Exercise directions:
For the listing below, the answer is an exact retyping of the lines from the one with "High Neck Crochet Lace Trim Bralette: Black" through the one with "Artiste inconnu (James", both included, without pictures.

Source data:
----------------

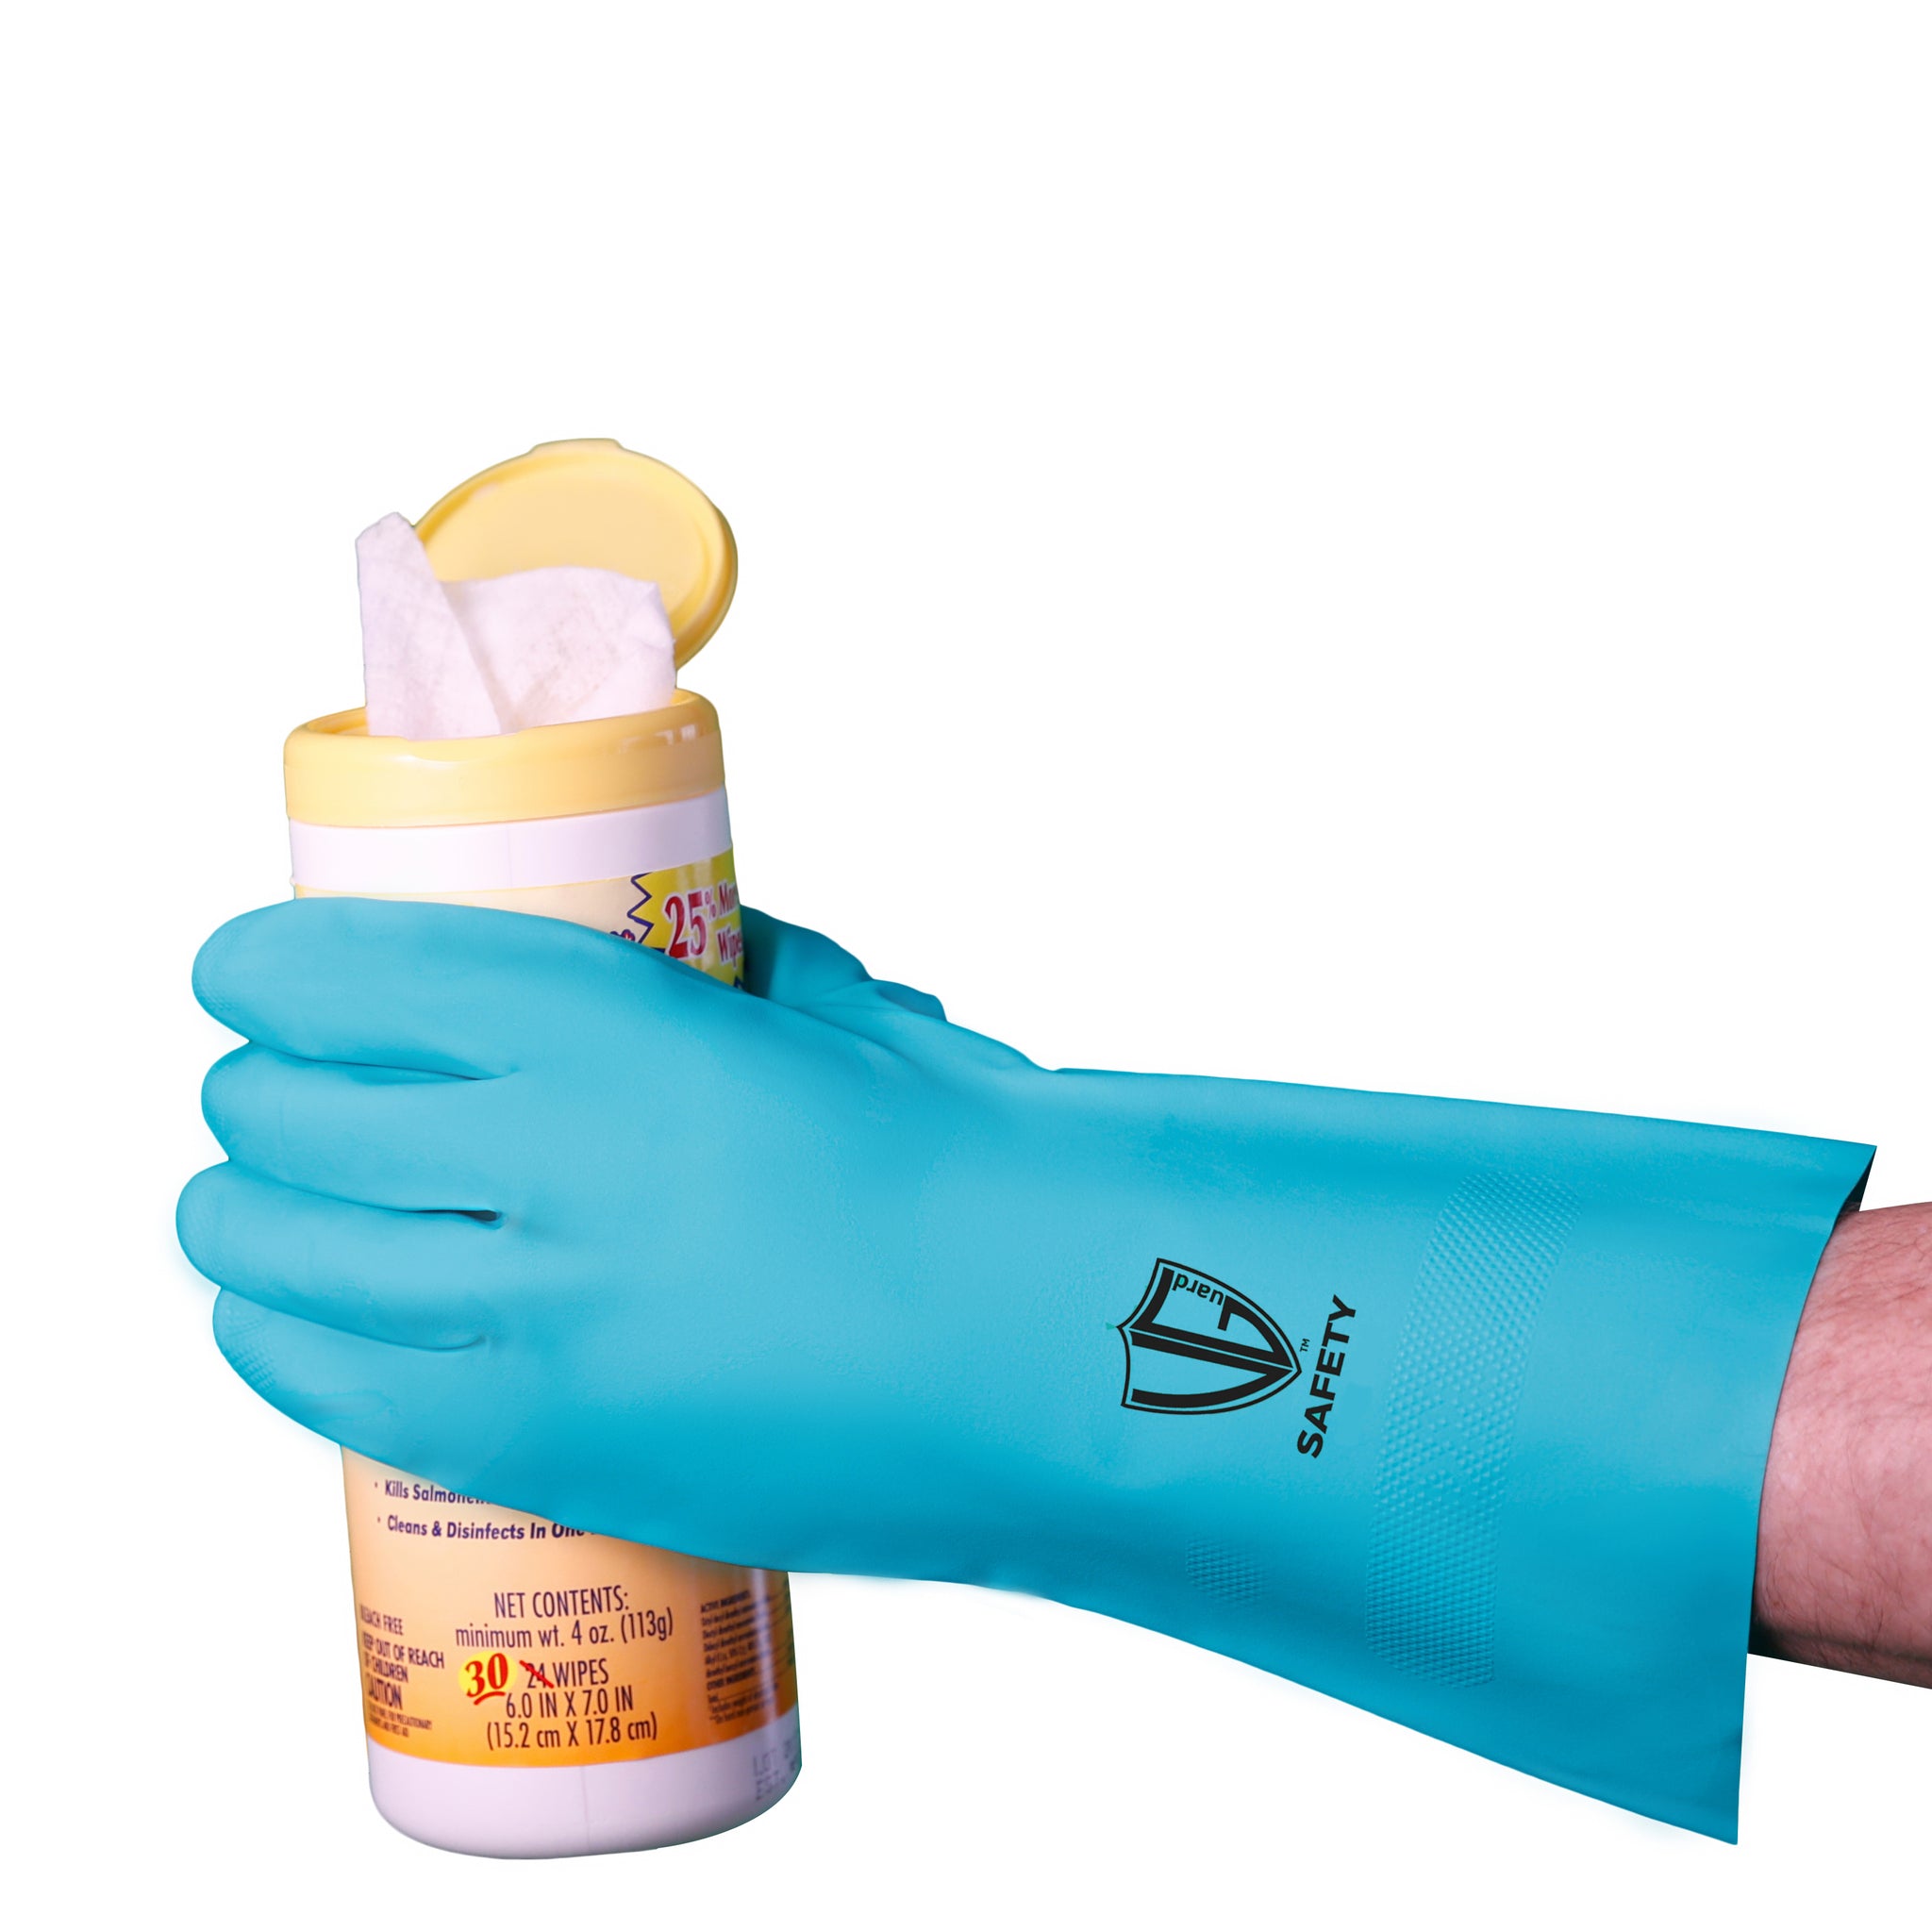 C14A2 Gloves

----------------

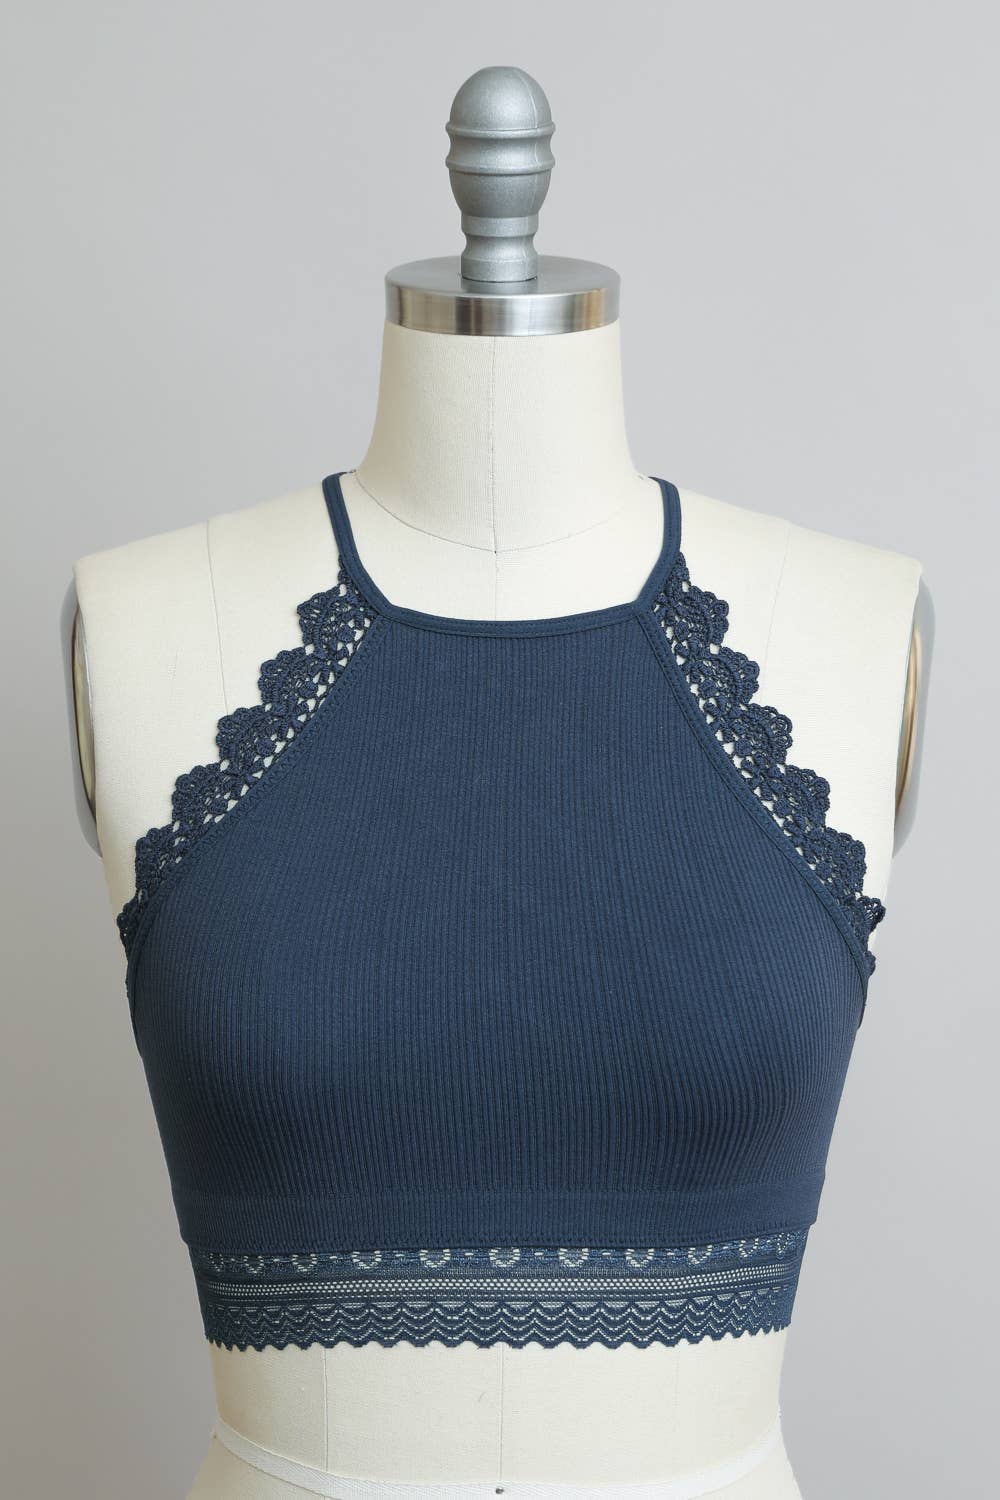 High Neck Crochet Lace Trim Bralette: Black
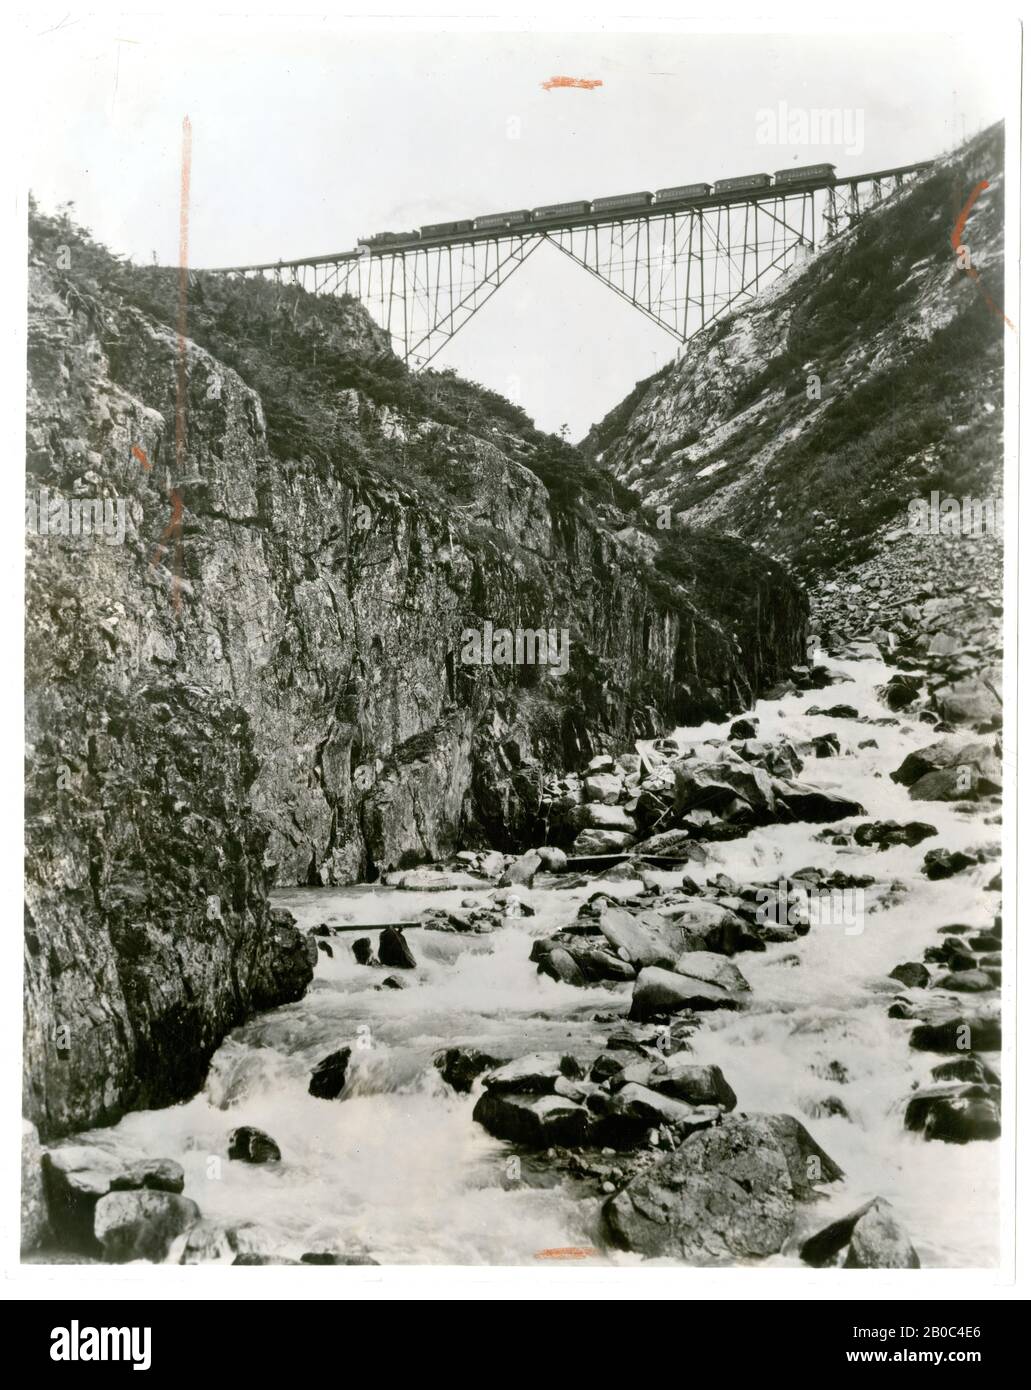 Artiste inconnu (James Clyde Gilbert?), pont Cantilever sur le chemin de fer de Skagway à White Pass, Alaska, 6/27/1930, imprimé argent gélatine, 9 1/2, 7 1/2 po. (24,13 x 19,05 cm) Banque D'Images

----------------

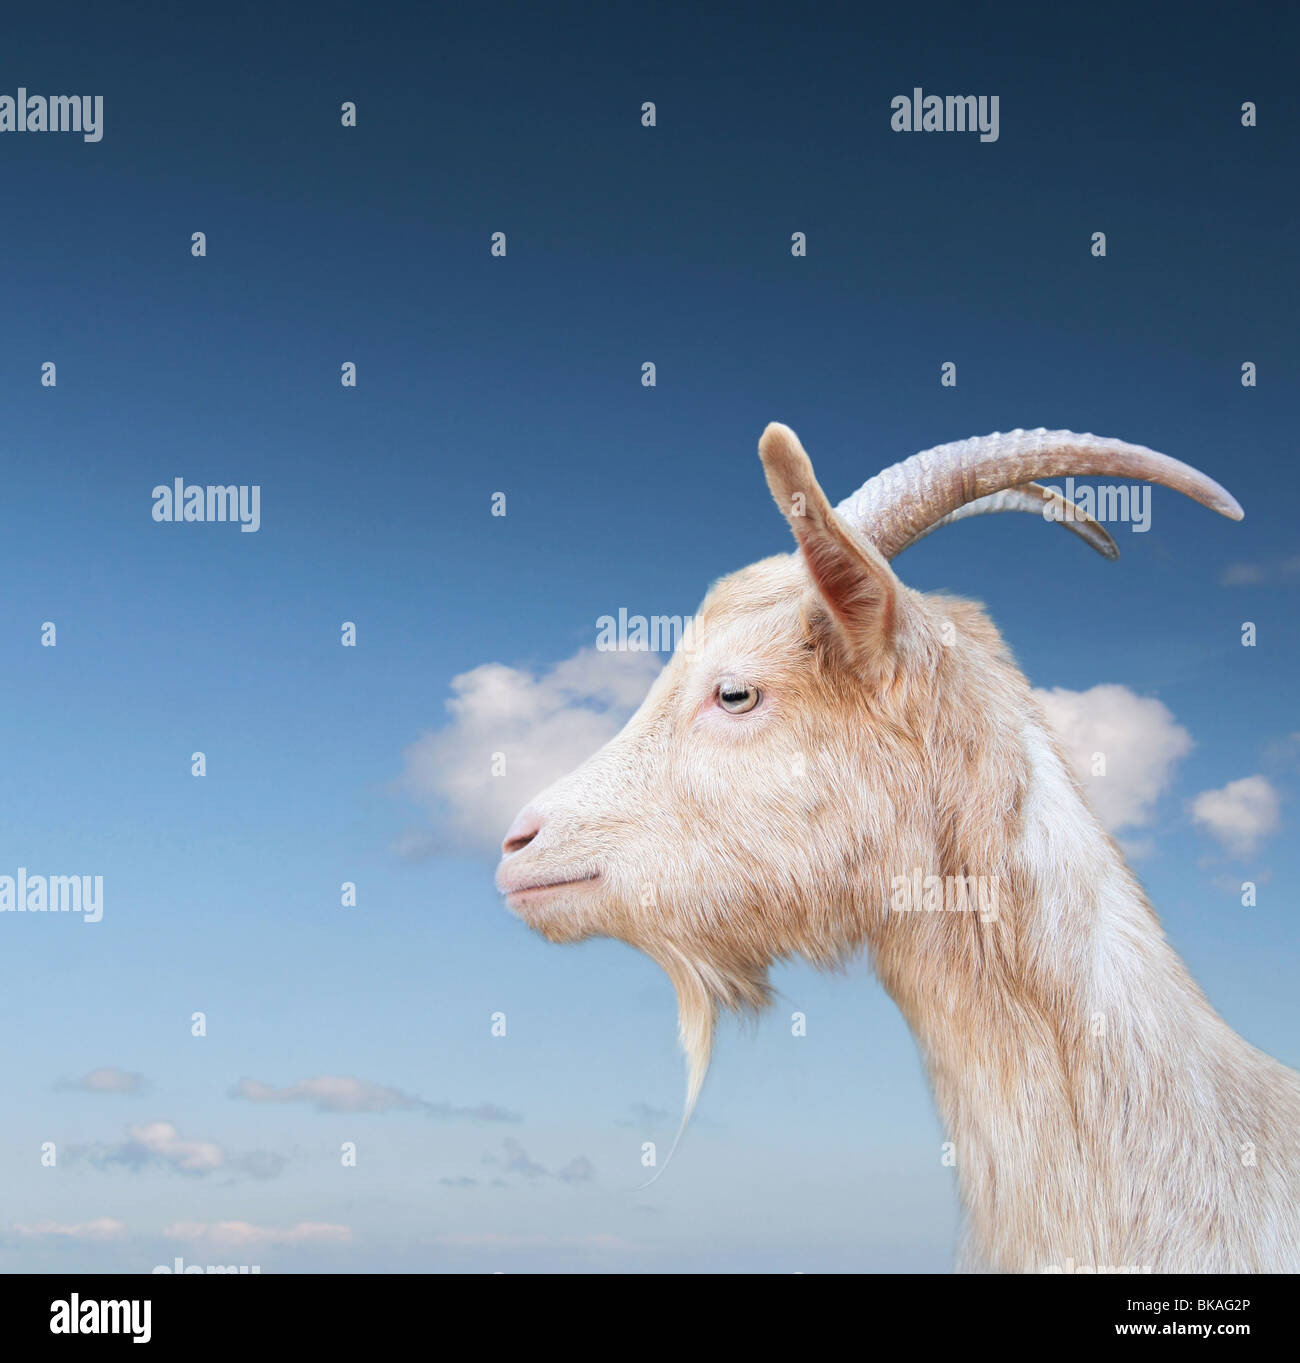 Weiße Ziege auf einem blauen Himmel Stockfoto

----------------

Your response:
 High Neck Crochet Lace Trim Bralette: Black
 Artiste inconnu (James Clyde Gilbert?), pont Cantilever sur le chemin de fer de Skagway à White Pass, Alaska, 6/27/1930, imprimé argent gélatine, 9 1/2, 7 1/2 po. (24,13 x 19,05 cm) Banque D'Images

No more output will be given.